One of the highlights of Massacre is the remix of M.I.A.’s “Paper Planes,” as Muja skillfully adopts the words, rhyme patterns, and flow of M.I.A., making it much more than your standard remix. With its complicated global genealogy, from the Clash to the globe-hoppin’ M.I.A. (and featuring one of the Twin Cities’ own world musical travelers, the Ghanaian-born M.anifest) the song raises the stakes far beyond Minnesota.
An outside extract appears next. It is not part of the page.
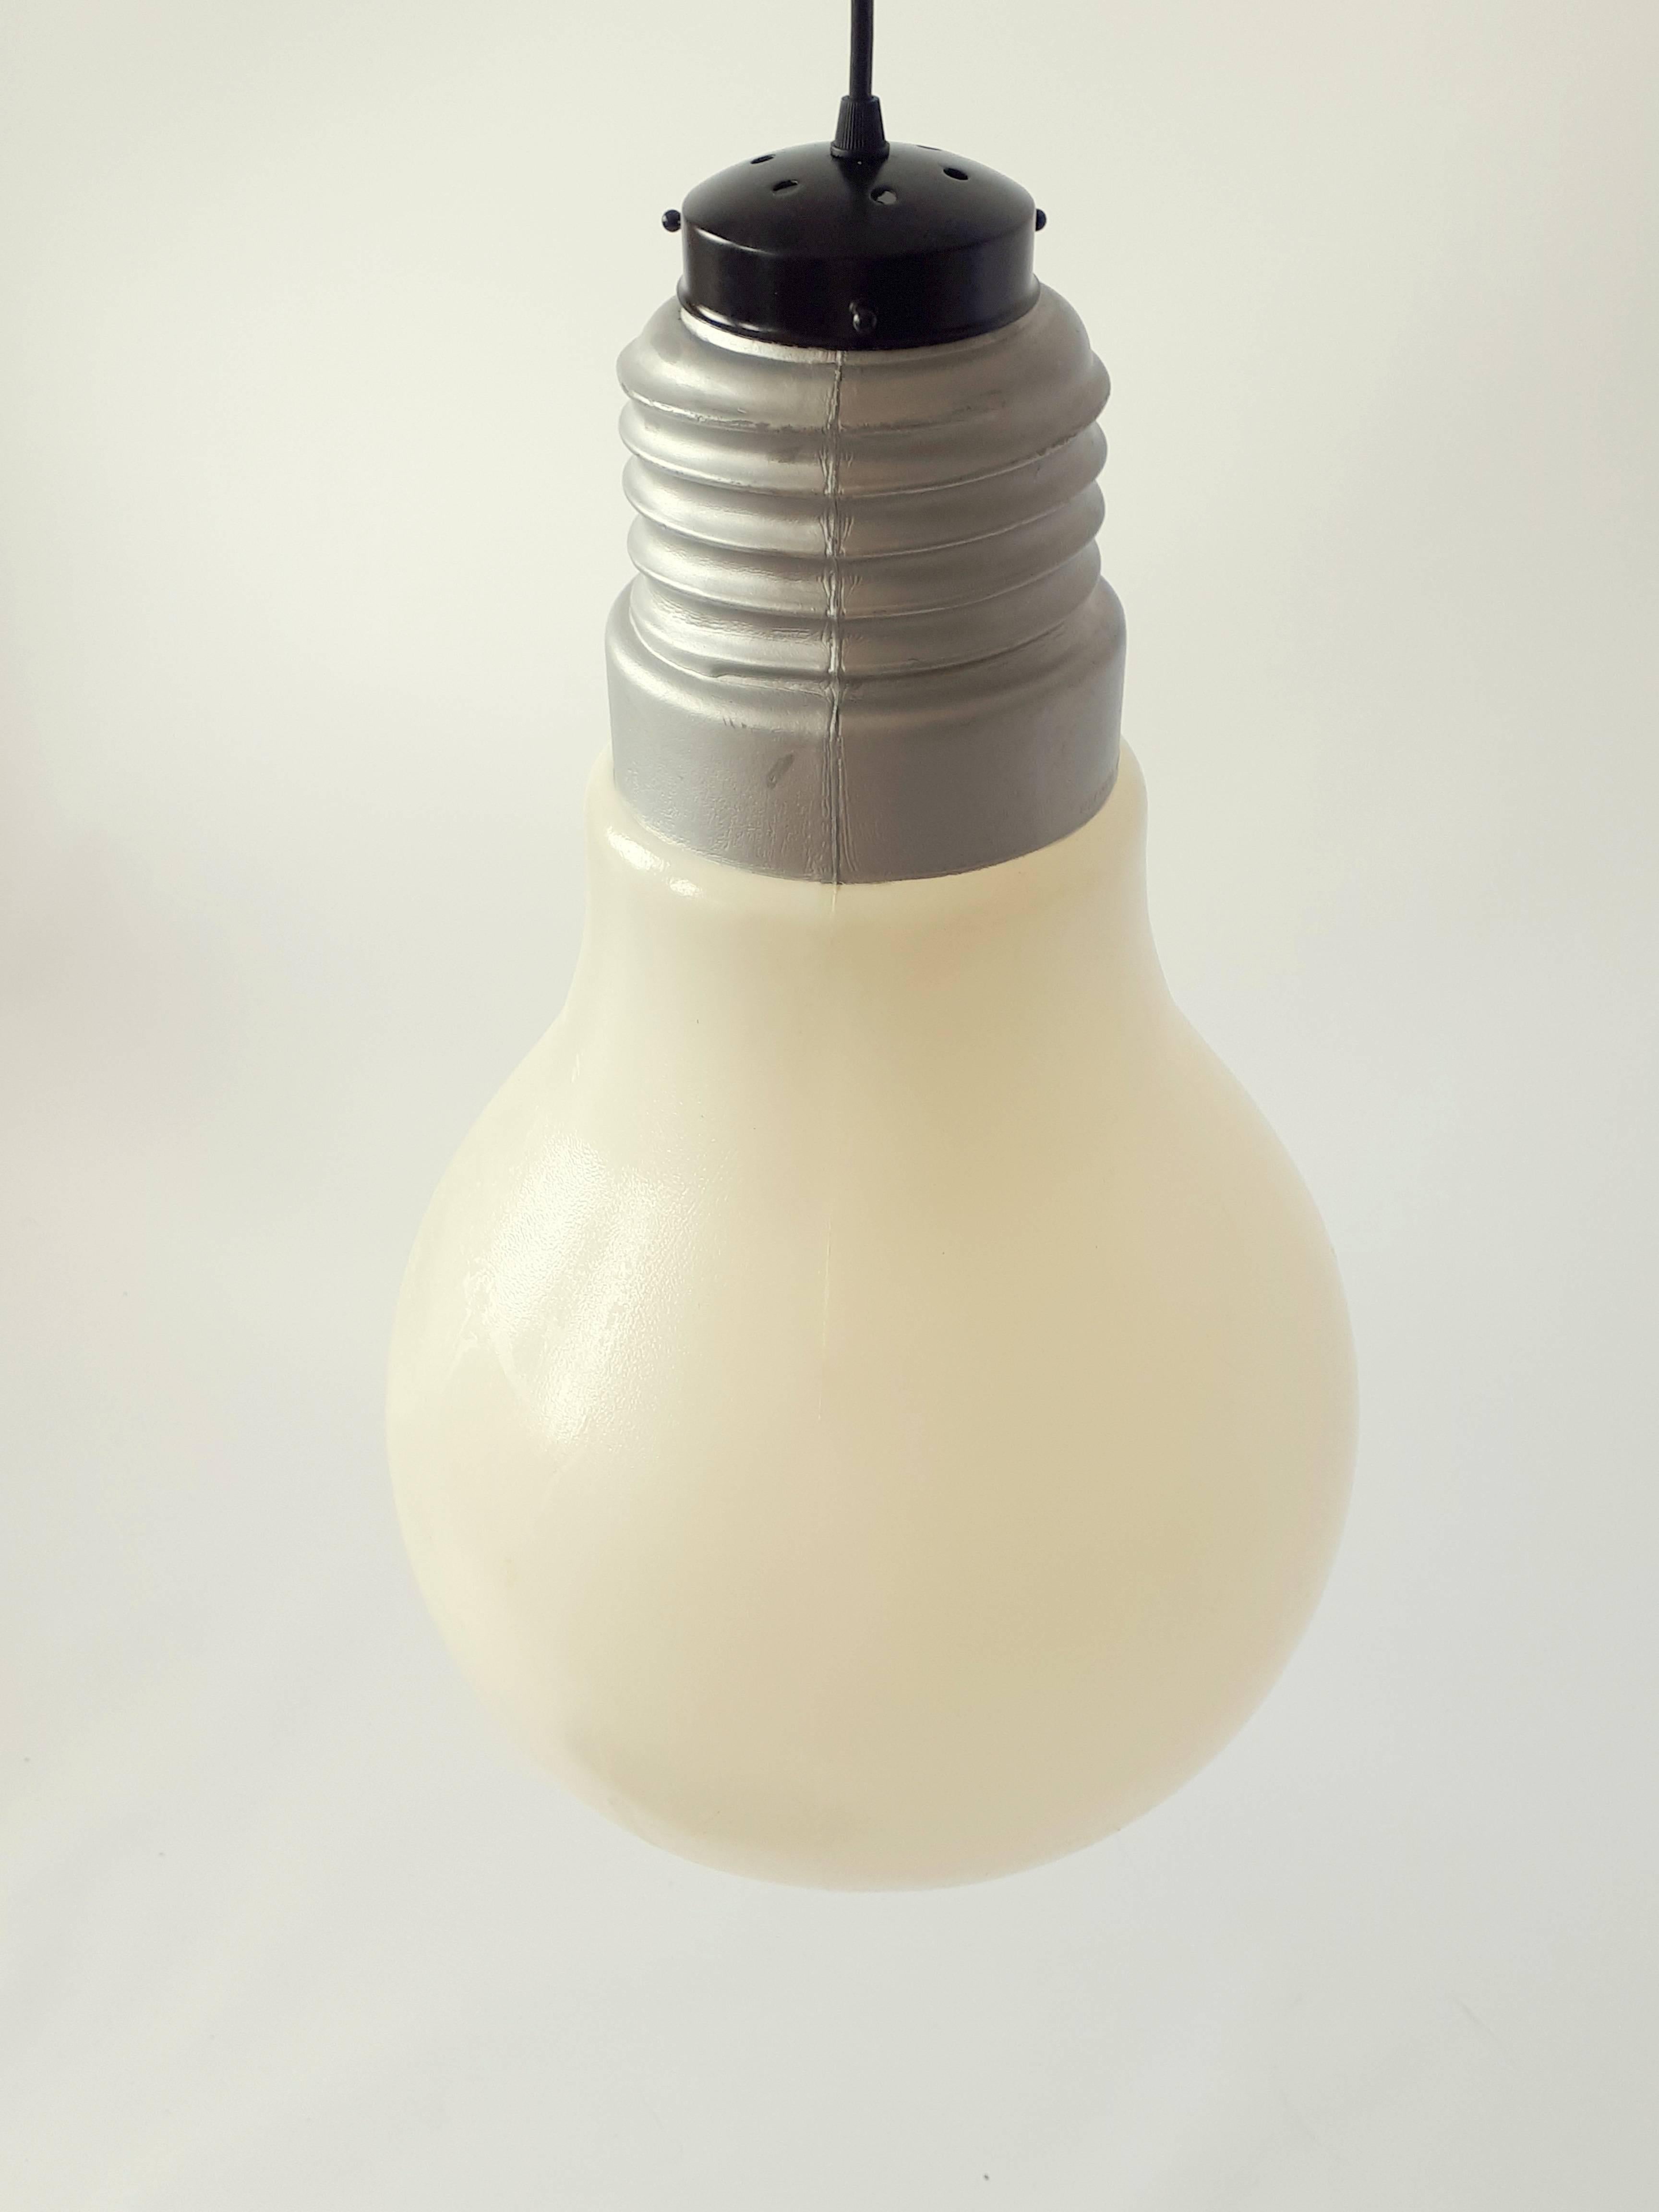 Plastic Light Bulb Pendant from Ingo Maurer, 1969, USA (amerikanisch)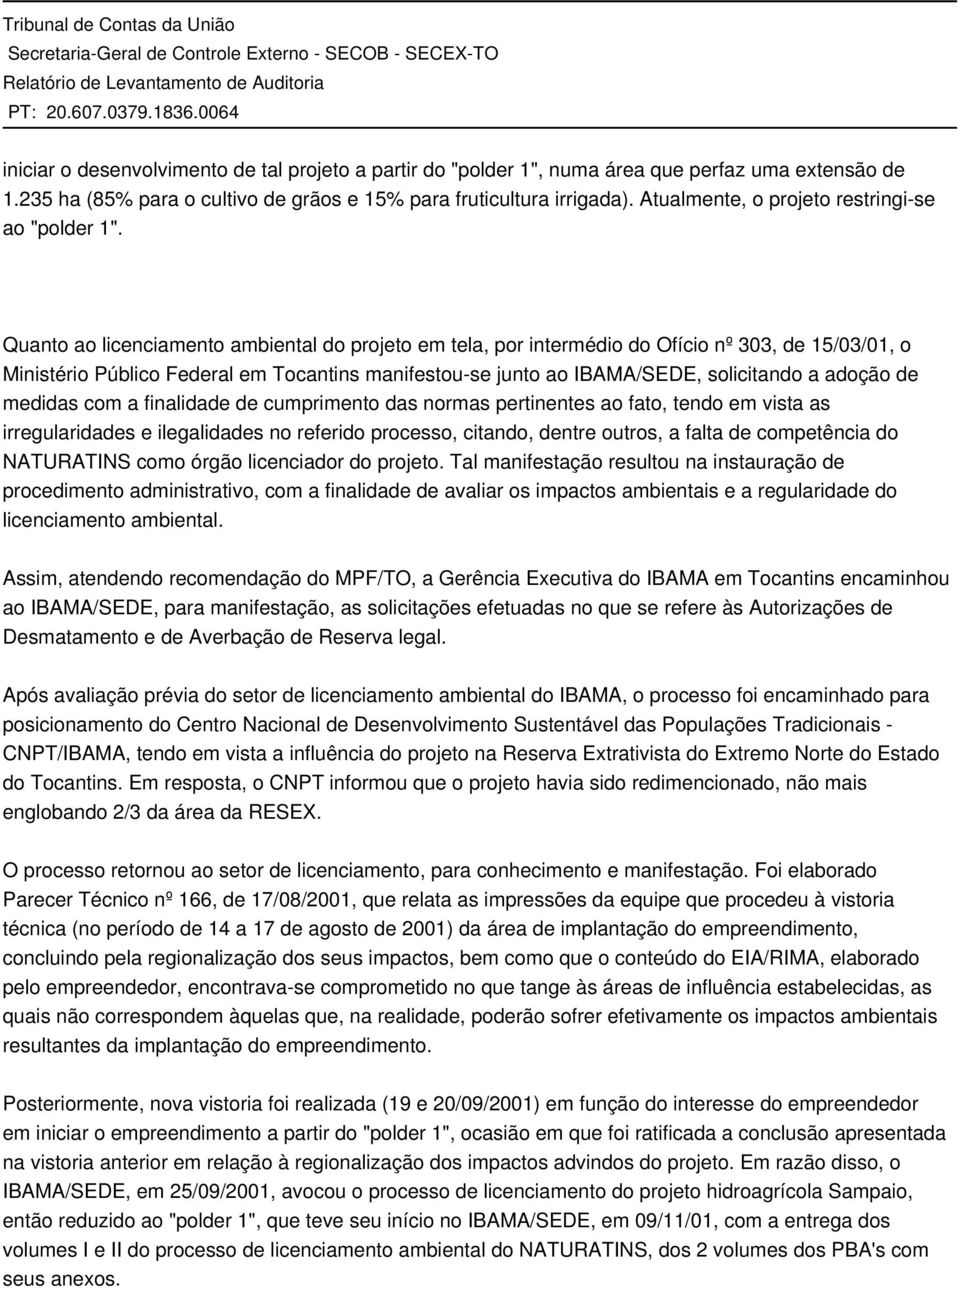 Quanto ao licenciamento ambiental do projeto em tela, por intermédio do Ofício nº 303, de 15/03/01, o Ministério Público Federal em Tocantins manifestou-se junto ao IBAMA/SEDE, solicitando a adoção

While Muja says he’s “just trying to get y’all attention/without having to mention money, women, or the cars I’ve driven,” women and money are everywhere on Massacre, as are Muja’s musical molotovs for revolution. On “Huey P Newton,” Muja channels a hard rock version of the “Revolution” chorus to continue the struggles of Assata, Huey, Mumia, Dead Prez, and countless others. At the same time, though, he and many of the album’s guests partake in the gay-bashing and sexual objectification of women that fall in line with dominate American cultural norms. There’s a fine line, of course, between rebellion and cultural co-optation, and Muja seems to work this to his advantage. Neither black liberation nor narrative of hustlin’ and pimpin’ exhaust Muja’s rap identity. Even though having “one foot in the coffin, one foot in the cell,” as he raps on “MPLS Poppin,” doesn’t leave much room to move, Muja refuses to be boxed in.